Il piatto, molto gustoso, ma asciutto, va corredato da robuste bevute; è un piatto unico, se non dal punto di vista calorico, almeno da quello del riempimento dello stomaco, caratteristica molto importante data l' economia del tempo.

LA FRITTATA CON PASTA DI SALAME (Frità Rugnùšä)

(per 4 porzioni)

6 uova, 100 grammi di pasta di salame, 2 cucchiai di formaggio grana grattugiato, un cucchiaio di olio di oliva, sale.

 

Sminuzzate la pasta di salame.

Sbattete le uova con il formaggio e salatele leggermente. Aggiungetevi la pasta di salame.

Scaldate l’olio in una padella e versatevi il composto, rivoltando la frittata non appena la parte inferiore sarà dorata. Servite la frittata sia calda che fredda.

 

Secondo la tradizione la frità rugnùšä è un piatto tipico del giorno di Pasqua o di Pasquetta. Un tempo le frittate di ogni genere erano cotte nello strutto o nel grasso d’oca; abbiamo preferito suggerire l’utilizzo dell’olio per rendere il piatto più leggero e delicato.

  

TORTA DI ZUCCA (Tùrtä äd sücä)

1 chilogrammo di zucca, 200 grammi di pane raffermo, 1-2 uova intere, 3 cucchiai di uva sultanina, 200 grammi di amaretti, 150 grammi di zucchero, 4-5 cucchiai di cacao, prugne secche a piacere, un bicchierino di marsala, buccia di limone (parte gialla) e latte quanto basta.

Cuocere la zucca.

Affettare il pane raffermo e renderlo pastoso con l’aggiunta di latte a temperatura ambiente. A freddo unire: polpa di zucca cotta e schiacciata, zucchero, cacao, uova, prugne secche rinvenute in acqua tiepida, uva sultanina rinvenuta in marsala, amaretti sbriciolati e qualche fettina della parte gialla del limone.

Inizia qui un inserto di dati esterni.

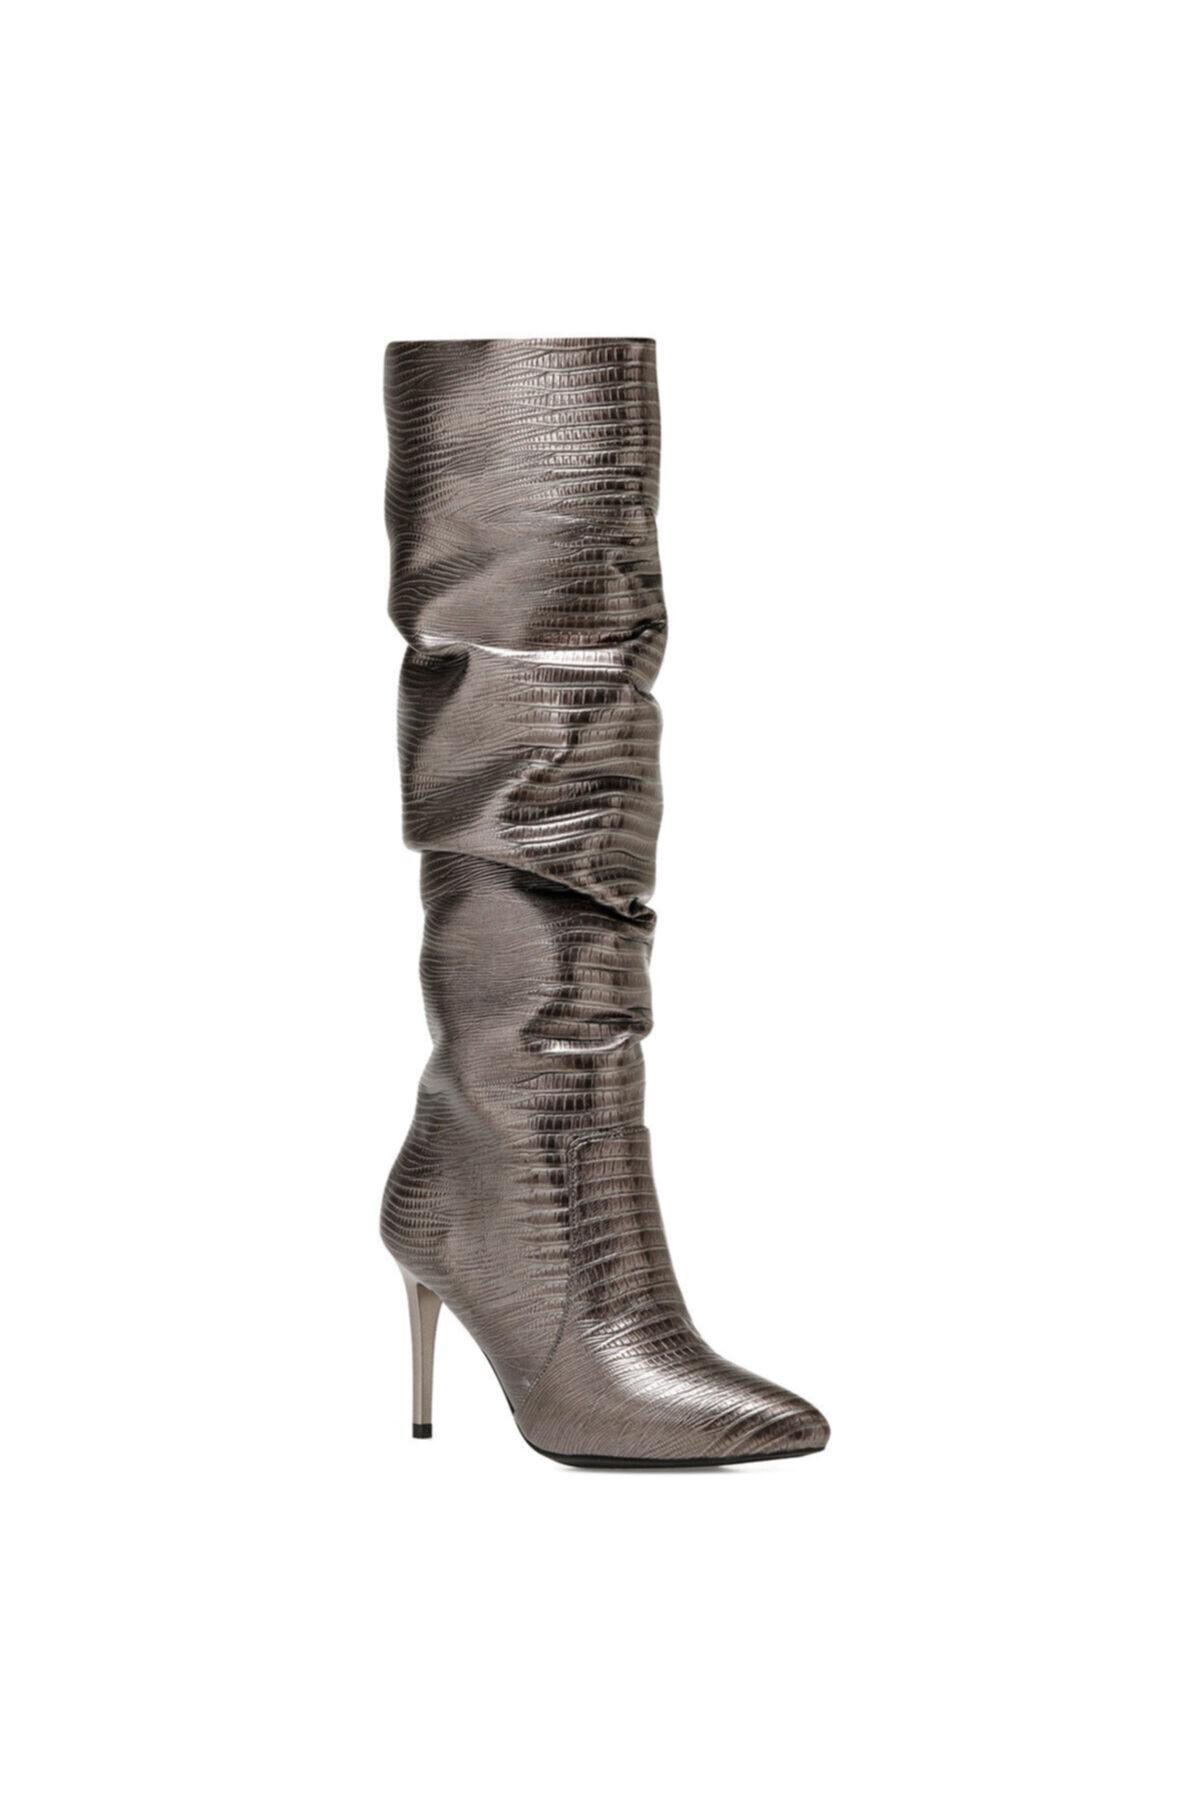 Nine West Sısso2 Antrasit Kadın Ökçeli Çizme 2

Lasciare riposare per qualche ora, per far sì che gli ingredienti si amalgamino bene fra loro e poi versare in una teglia imburrata e cosparsa di pane grattugiato; spianare il composto e cospargere la superficie di zucchero.

Infornare a 180 gradi per un’ora.

 

La torta di zucca viene tradizionalmente preparata per la sera della vigilia di Natale; per questo viene anche chiamata “torta della vigilia”.